What the task requires:
Set the data down exactly as it stands, and keep its pictures out.

Information provided:
= = =
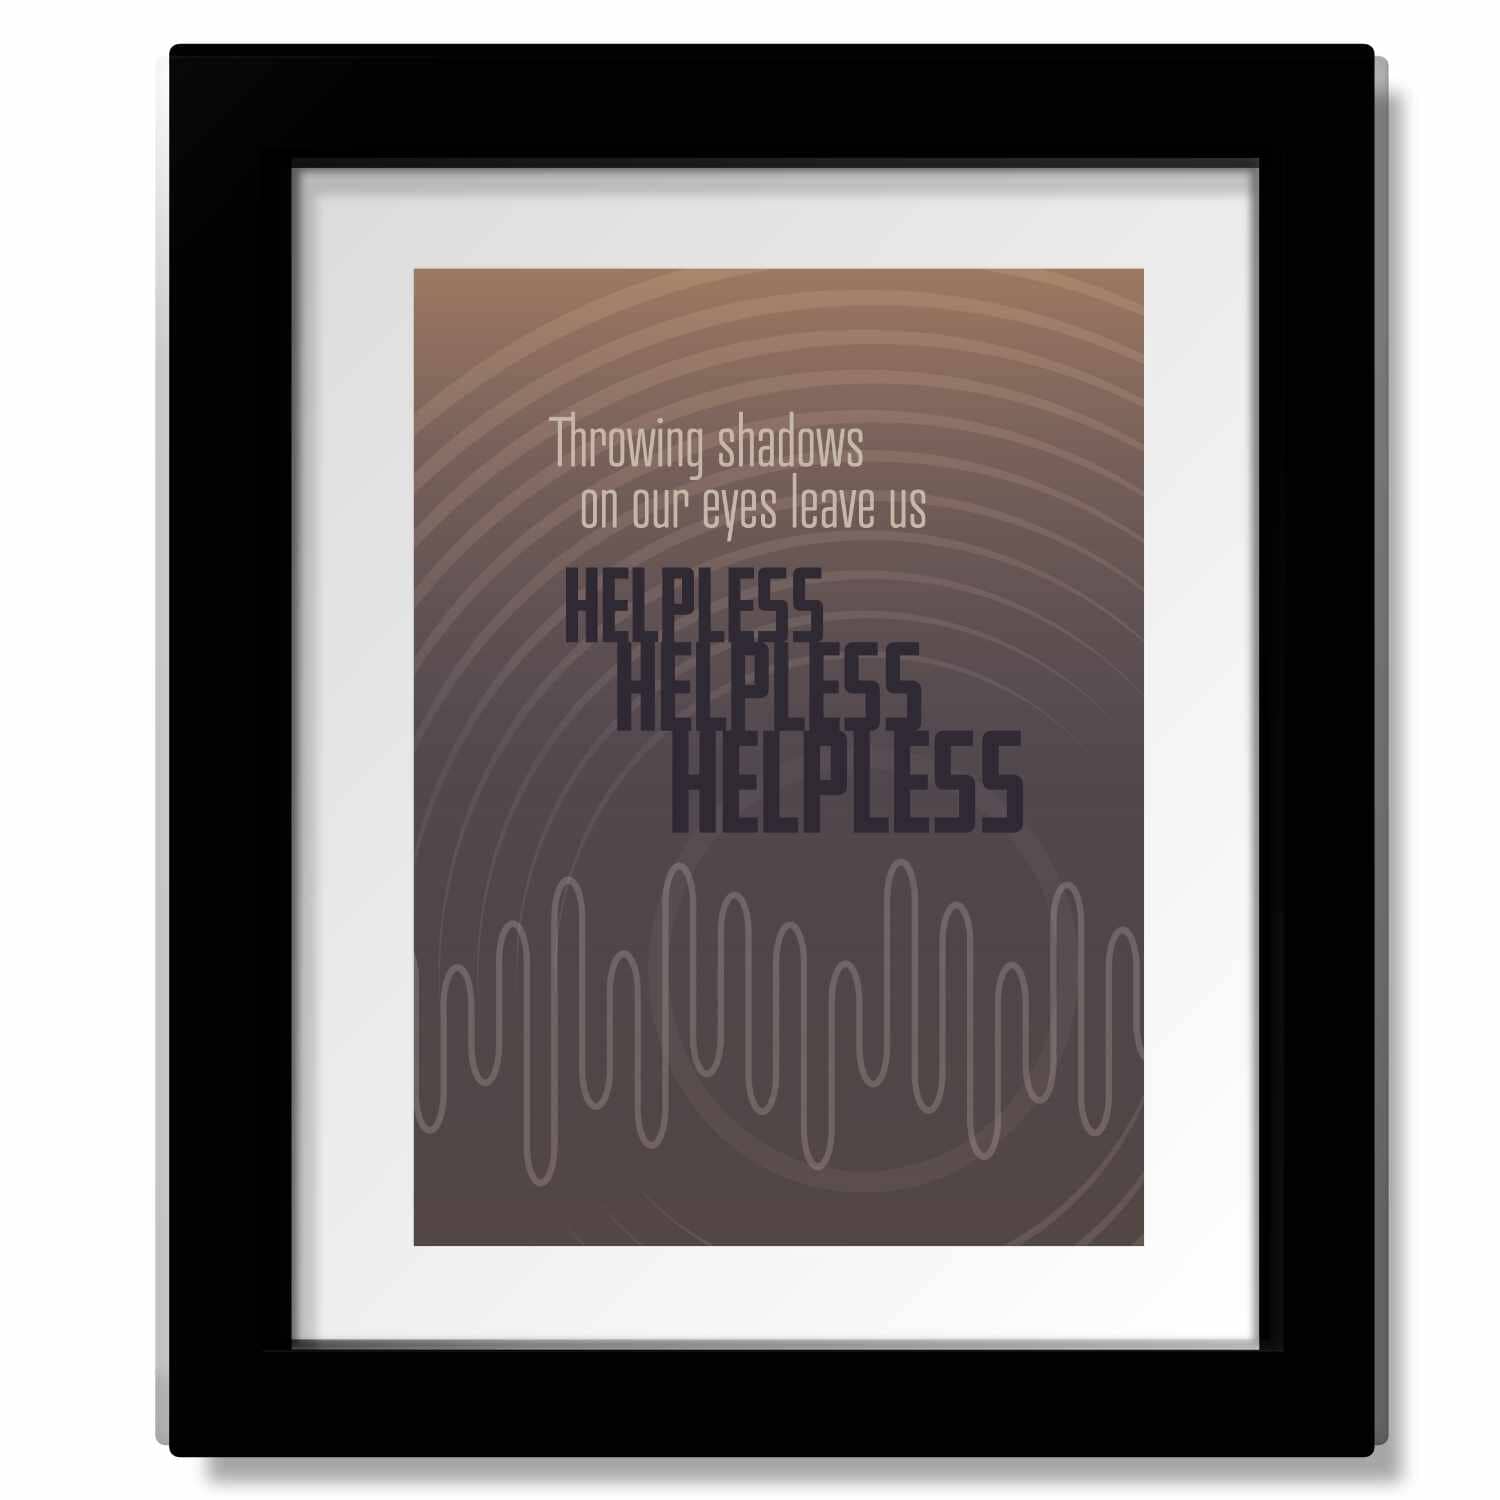 Helpless by Neil Young - Music Gift Song Lyric Wall Decor Song Lyrics Art Song Lyrics Art 8x10 Matted and Framed Print 
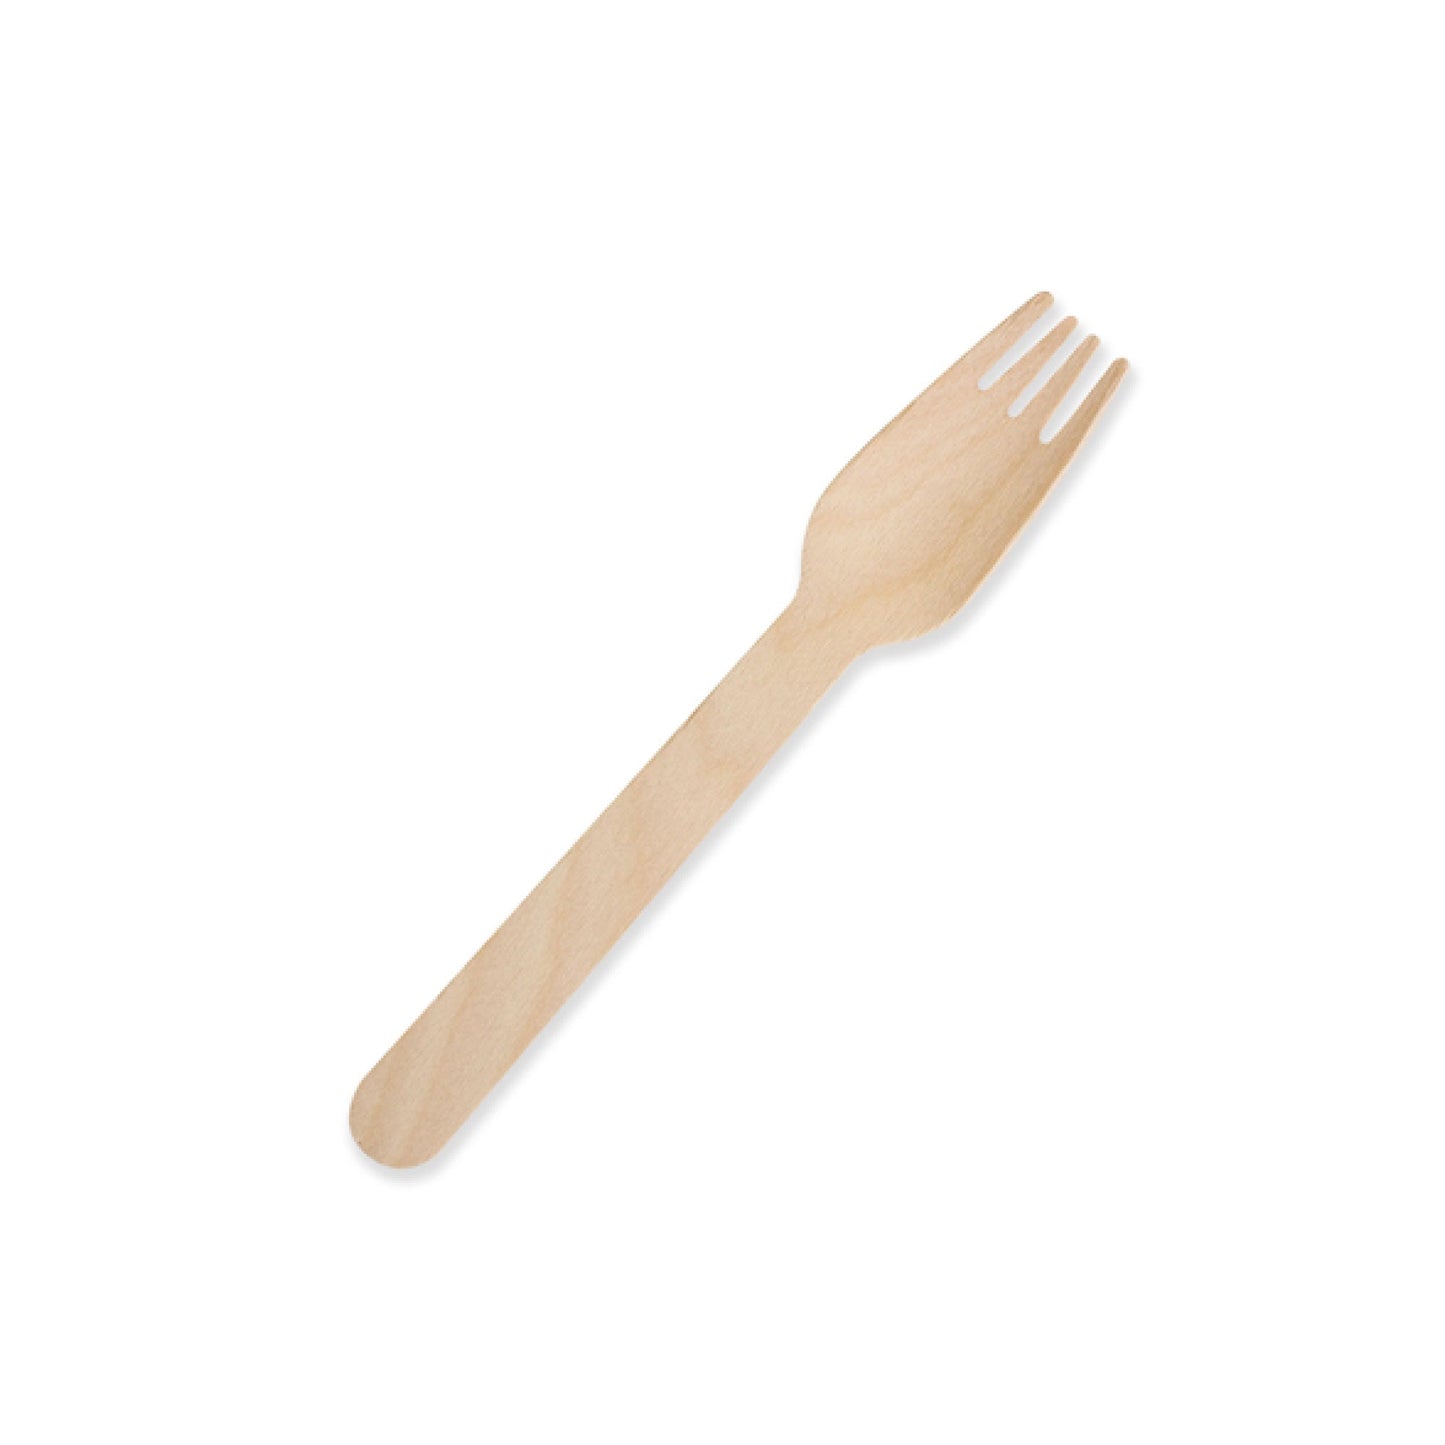 Bulk Compostable Wooden Forks - Biodegradable Eco Friendly Disposable Cutlery
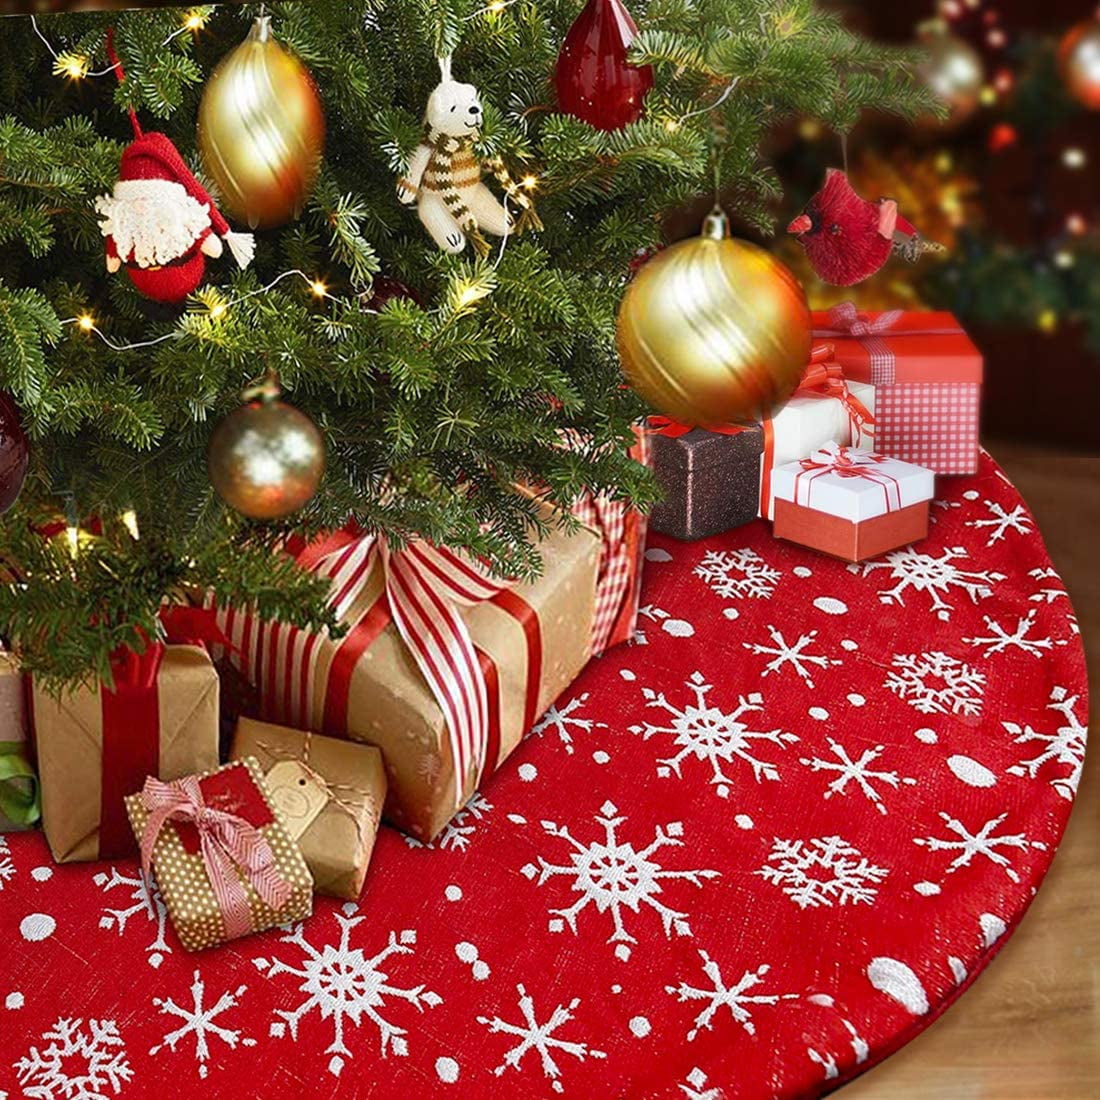 Details about   100cm Large Christmas Tree Skirt Red Home Xmas Floor Ornament Party Decor
= = =
Finished task:
 Helpless by Neil Young - Music Gift Song Lyric Wall Decor Song Lyrics Art Song Lyrics Art 8x10 Matted and Framed Print 
 Bulk Compostable Wooden Forks - Biodegradable Eco Friendly Disposable Cutlery
 Details about   100cm Large Christmas Tree Skirt Red Home Xmas Floor Ornament Party Decor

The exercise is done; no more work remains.